§ **Data**
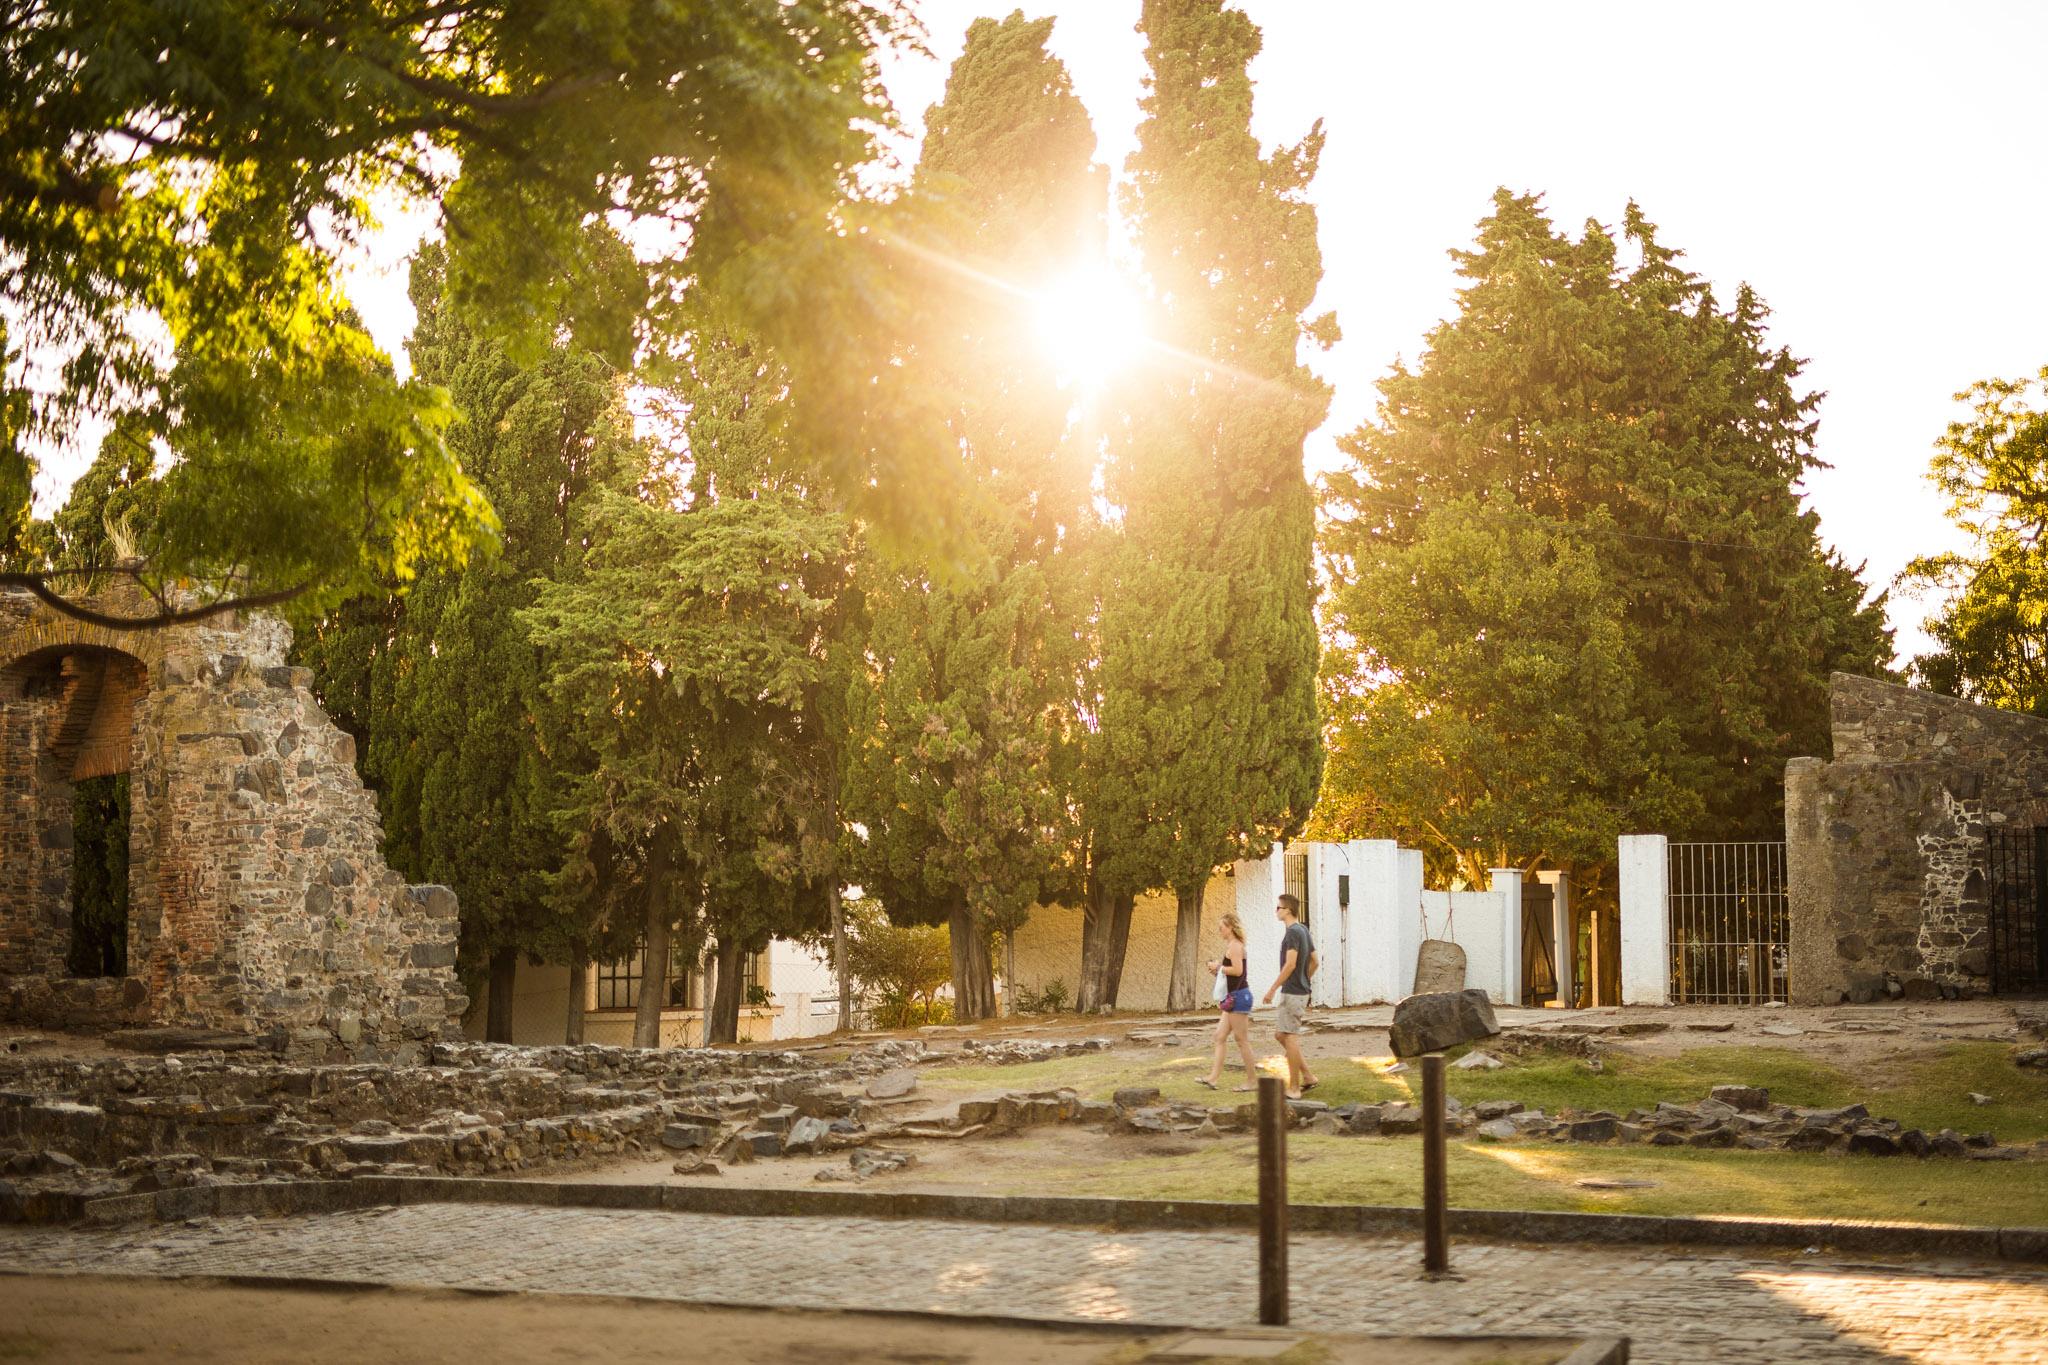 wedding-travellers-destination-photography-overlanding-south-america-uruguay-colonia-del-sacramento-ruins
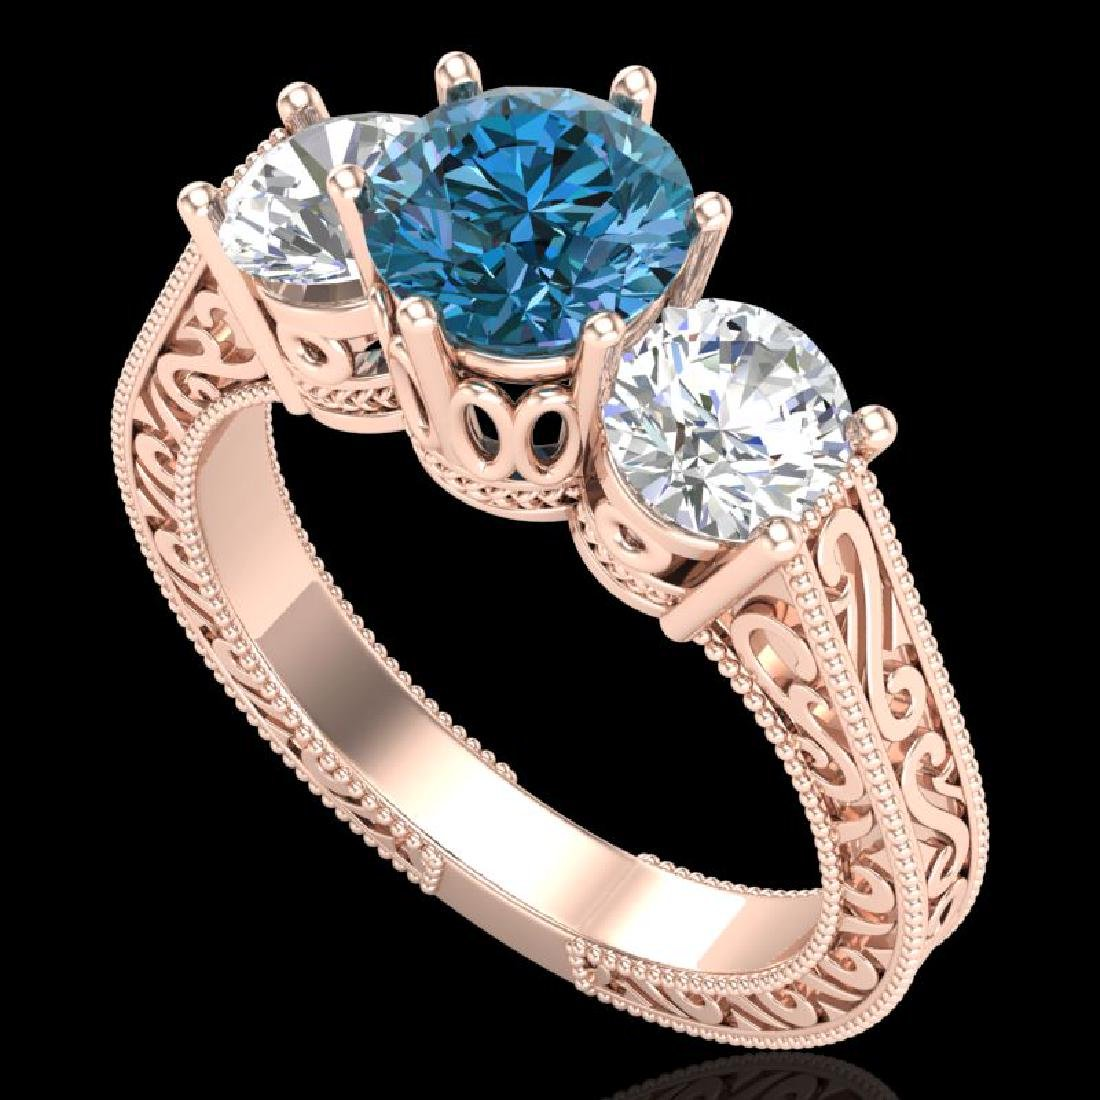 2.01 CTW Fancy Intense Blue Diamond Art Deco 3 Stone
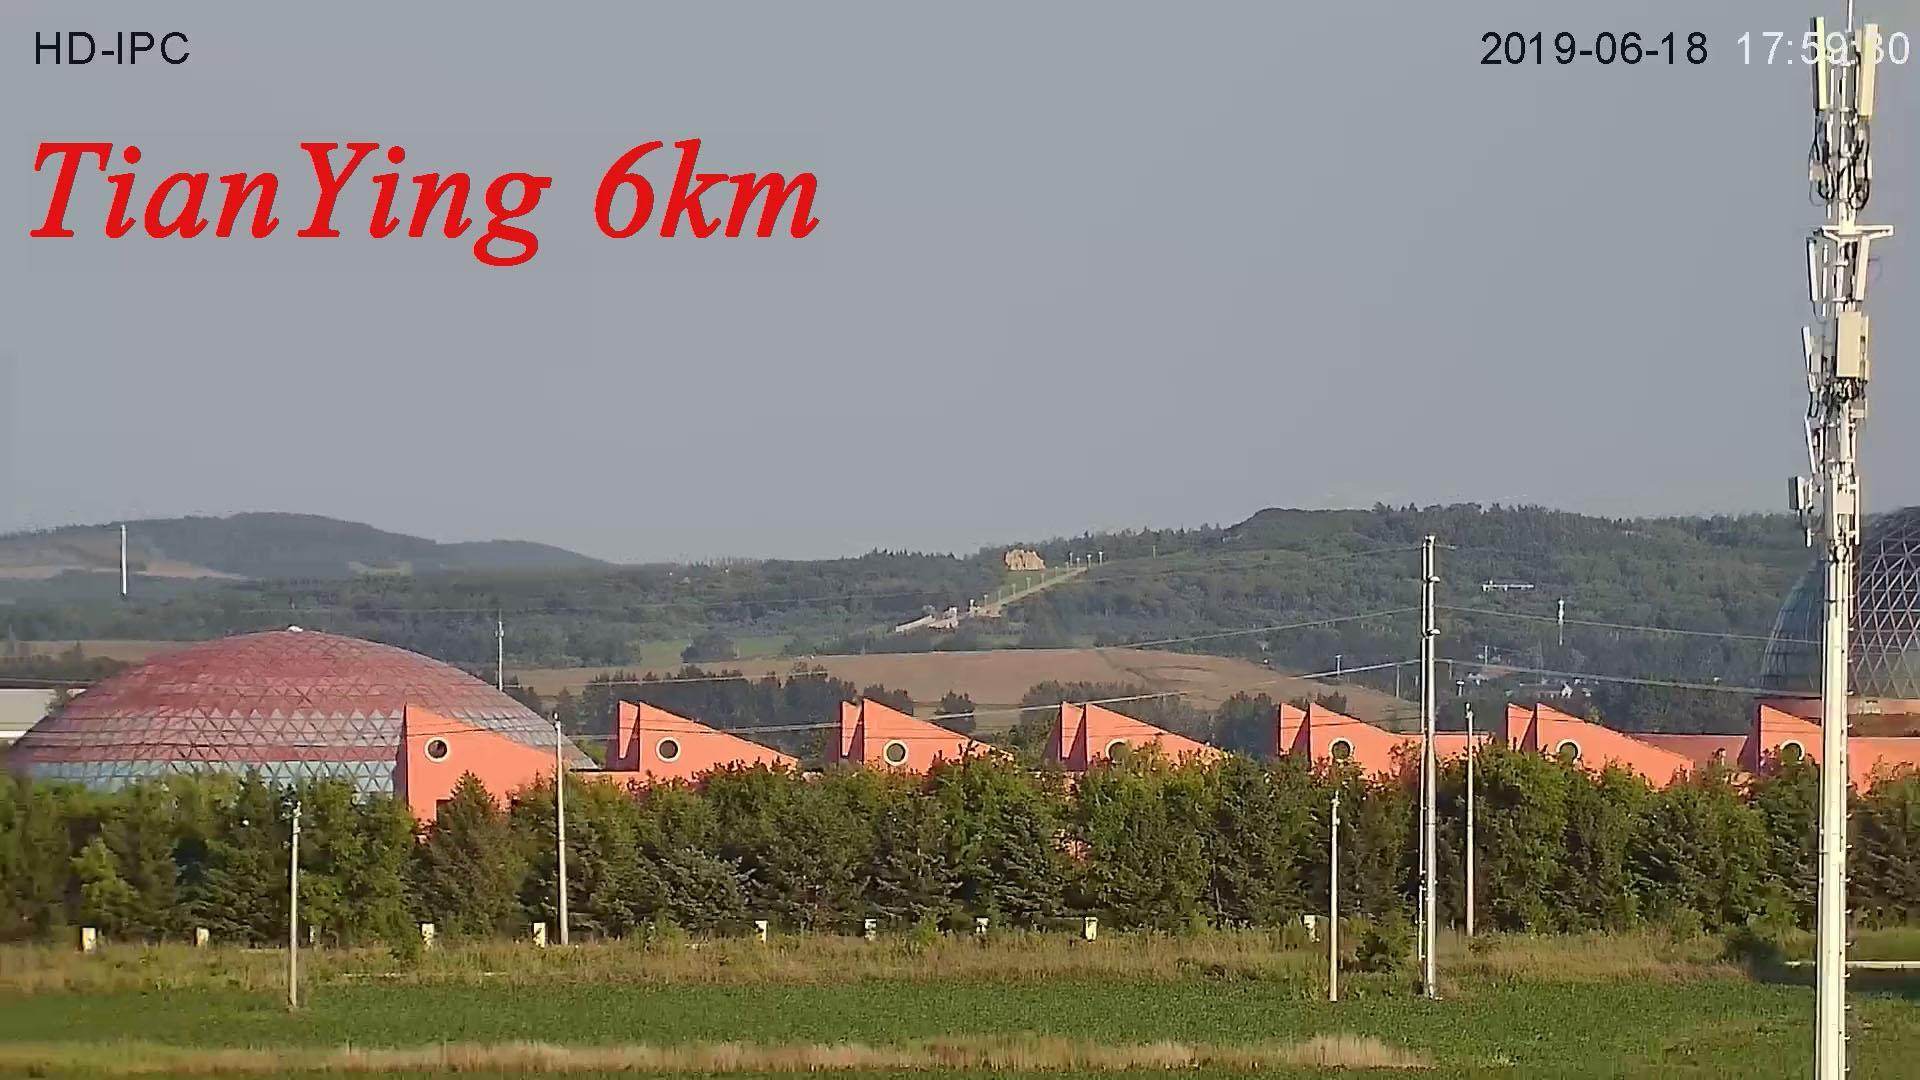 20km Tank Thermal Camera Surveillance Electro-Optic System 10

§ **Required action**
Return the material from above in full, exactly as written, with the pictures omitted.

§ **Result of this exercise**
 wedding-travellers-destination-photography-overlanding-south-america-uruguay-colonia-del-sacramento-ruins
 2.01 CTW Fancy Intense Blue Diamond Art Deco 3 Stone
 20km Tank Thermal Camera Surveillance Electro-Optic System 10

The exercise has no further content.